Scientists have invented a new product that can encourage tooth enamel to grow back, which means we could finally have a game-changing way to treat dental cavities.
Researchers at the University of Washington have developed a treatment based on peptides – short chains of amino acids, linked by peptide bonds, that aren’t long enough to be considered full proteins.
When applied to artificially created dental lesions in a laboratory setting, the product remineralised tooth enamel, effectively “healing” the lesion.
“Remineralisation guided by peptides is a healthy alternative to current dental health care,” said materials scientist Mehmet Sarikaya.
Tooth enamel is produced by a type of cell called an ameloblast. These secrete the proteins that form enamel while the tooth is still in the gum.
Unfortunately, once the process of forming tooth enamel is complete and the tooth has emerged, our ameloblasts die off. But we continue to lose enamel throughout our lifetime.
“Bacteria metabolise sugar and other fermentable carbohydrates in oral environments and acid, as a by-product, will demineralise the dental enamel,” said dentistry researcher Sami Dogan.
To a small extent, our teeth can be remineralised with the help of saliva, fluoride toothpaste and drinking water additives.

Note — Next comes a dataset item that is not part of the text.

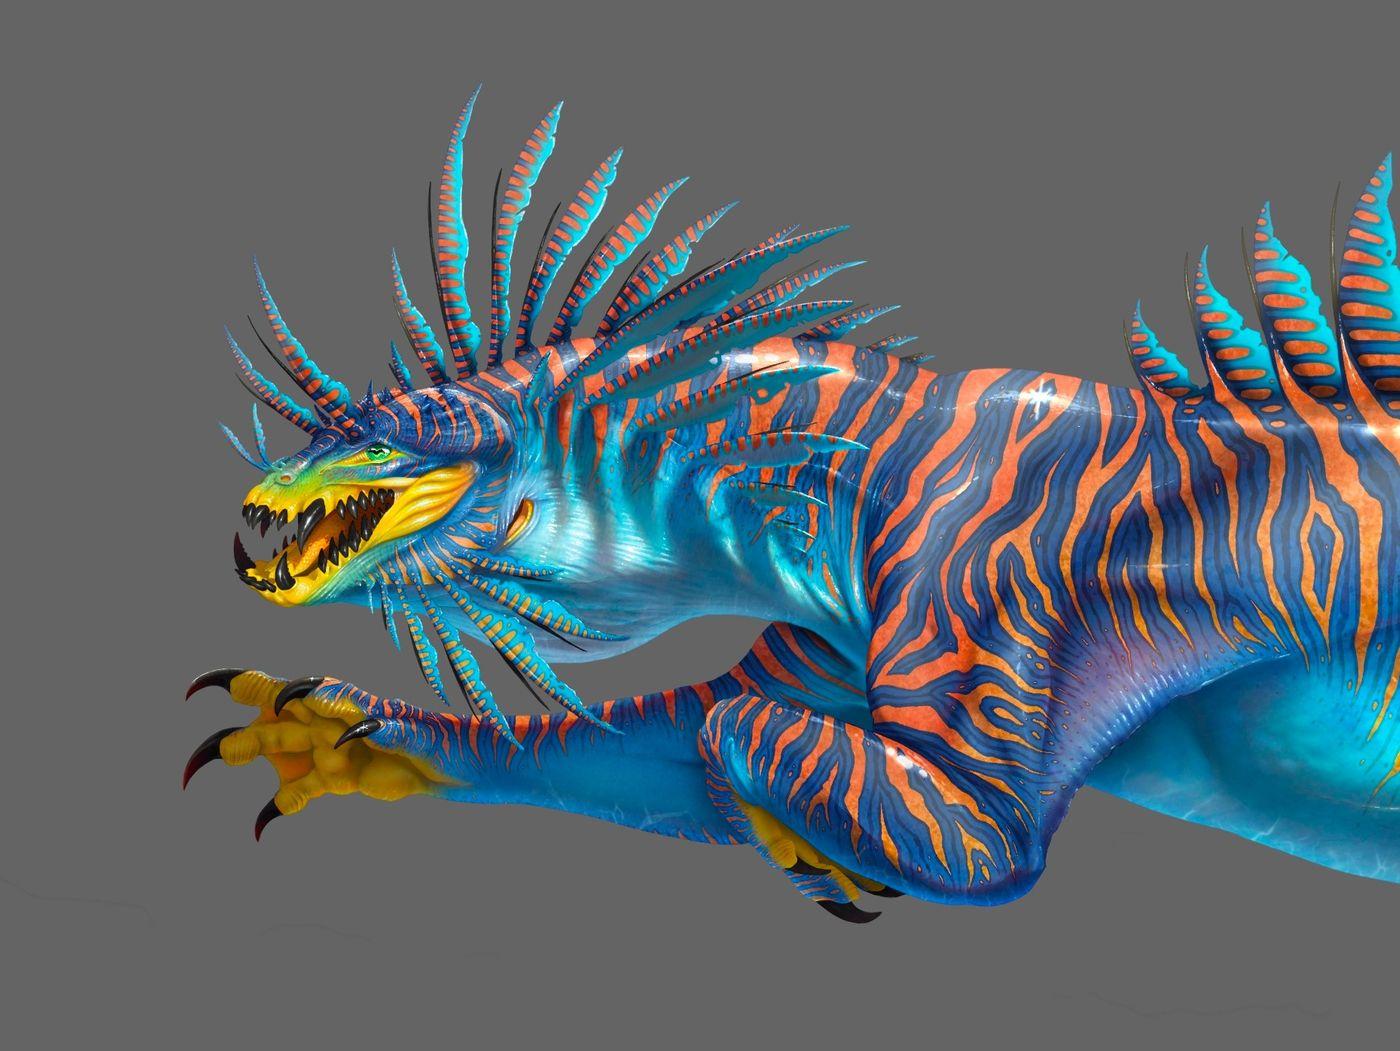 Sabreosk: A Creature Concept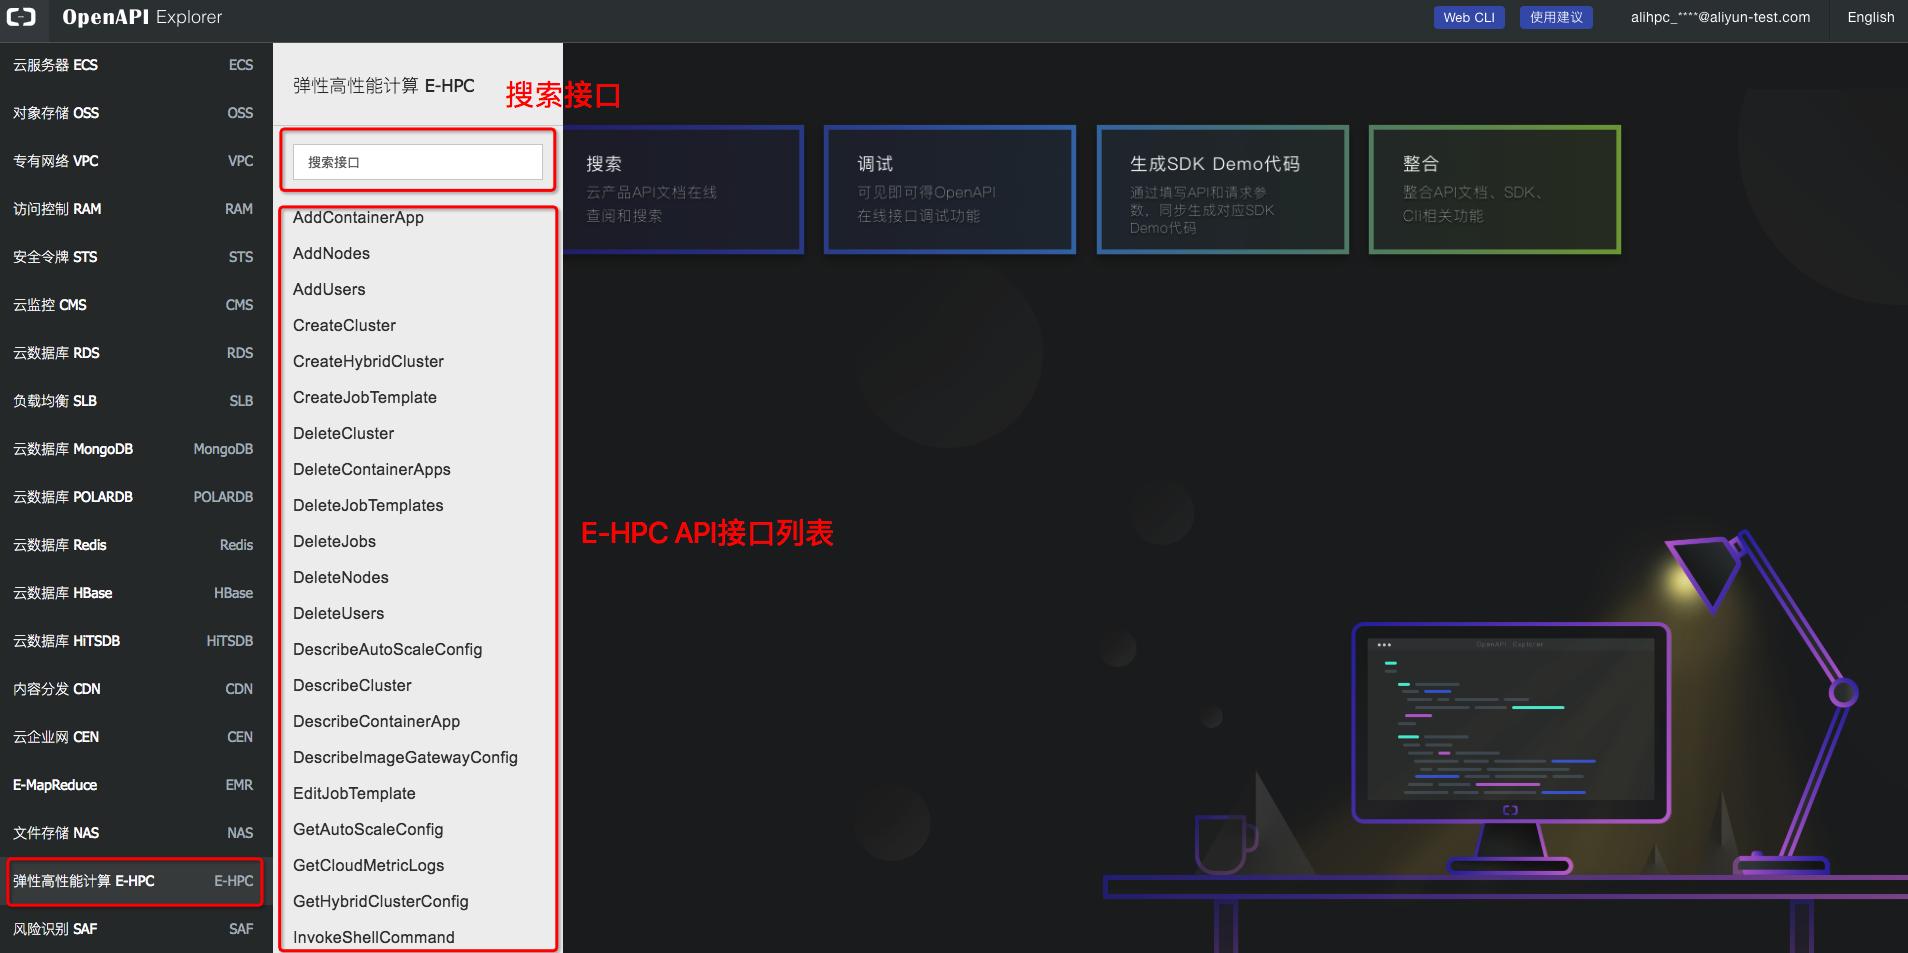 API搜索界面

But once there’s a visible cavity on the tooth, it needs to be treated by a dentist – which usually means drilling, and packing the hole with a dental filling.
To develop their new treatment, the team turned to one of the proteins produced by ameloblasts. Called amelogenins, these proteins play a key role in regulating the formation of tooth enamel.
The team designed peptides based on this protein and created a treatment with the peptide as an active ingredient.
They applied it to dental lesions in a laboratory setting and found that it helped form a new mineralised layer to the demineralised areas, integrating it with the enamel underneath.
They also treated similar lesions with fluoride, but only the peptide treatment resulted in the remineralisation of a relatively thick layer – resembling the structure of healthy enamel.
Tests still need to be undertaken to see of the peptide solution works as well as it does in a living mouth as it did in the laboratory.
And for deep cavities that reach the dentine layer underneath the enamel, a filling would still likely be required.
But the researchers believe their product could be sold as part of a preventative everyday tooth care routine, in the form of a toothpaste or gel, to help minimise expensive trips to the dentist for shallower cavities.
“Peptide-enabled formulations will be simple and would be implemented in over-the-counter or clinical products,” Sarikaya said.
The team has published their research in the journal ACS Biomaterials Science & Engineering.